Why so unlikely? Danny’s father, Reb Saunders (Rick Foucheux) is the tzaddick, the spiritual leader of a Hasidic sect that considers even observant Jews as heretics. Reuven’s father, David (Ed Gero), is a writer and a Zionist. The creation of a secular Jewish state is anathema to the Hasidic community.

Danny’s future is predetermined—he is “the chosen,” meant to follow his father as the tzaddick. Reuven has options. Both boys grow up in households dedicated to study. But Reb Saunders doesn’t speak to his son unless it’s to discuss passages from the holy books. The silence drives Danny inward to the spiritual exploration his father hopes to inspire in him. But it also drives him outward to explore the literature and ideas of the wider world his father distrusts and despises.

The fathers are played by two of Washington’s most accomplished actors. Both do a fine job. Gero has the easier task. Foucheux’s Reb Saunders expresses himself only on the pulpit. So does Aaron Davidson, who plays the older Reuven, the de facto narrator throughout.

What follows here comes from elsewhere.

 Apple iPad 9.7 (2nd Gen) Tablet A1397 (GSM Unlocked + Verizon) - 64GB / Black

But the pros are often blown away by the two young actors playing Danny and young Reuven. Morgan is brilliant as the passionate young Danny, torn between intellectual curiosity and religious loyalty. Thompson is his perfect foil, the all-American boy baffled by Danny’s world and questioning his own destiny.

The Chosen
is wonderfully evocative of a time and place, but the strength of Potok’s work lies in its universality. The Hasidim and the other Jews in Brooklyn in the 1940s could be the Sunnis and the Shiites today. And the conflicts between generations—particularly generations bridging chasms between an old country and a new one—aren’t limited by culture or geography. But writer/director Aaron Posner wisely retains the pure ethnicity of Potok’s piece with evocative music, period costumes, and authentic accents. The action is slow at times, but it’s hard to ask characters arguing the fine points of scripture to pick up the pace.

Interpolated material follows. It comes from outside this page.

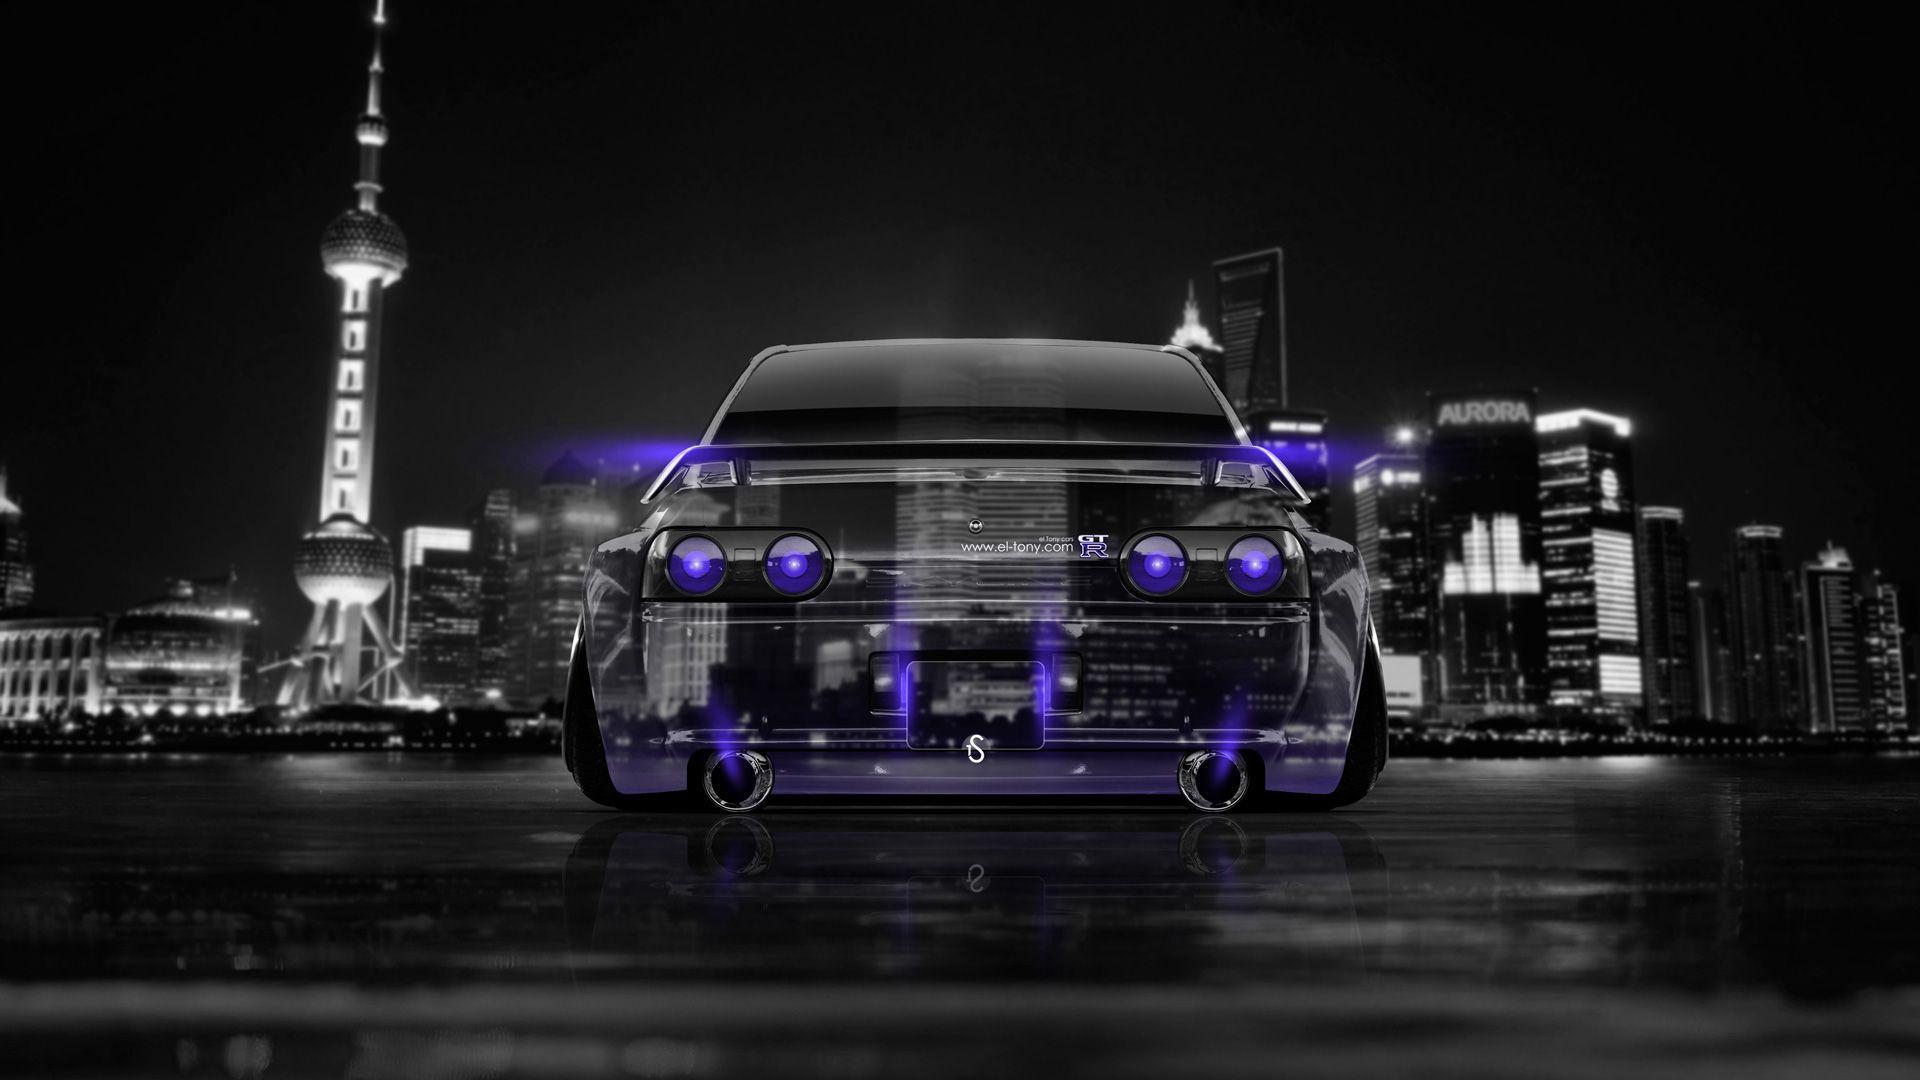 Nissan Skyline GTR R32 JDM Back Crystal City Car 2014 | El Tony

The only problem for me was the theater itself. This is an intimate story, and the Fichandler Theater at Arena Stage feels too vast for it. Theater in the round is challenging for any director. Posner doesn’t quite master it. There are whole scenes where we see only the back of an actor’s head. It made me long for the intimacy of Theatre J’s home stage.

That said, I urge Washington audiences to choose The Chosen. It was a wonderful play with amazing performances by young men who will be stars.

The Chosen is at Arena Stage through March 27. Tickets ($60) are available at Arena Stage’s Web site.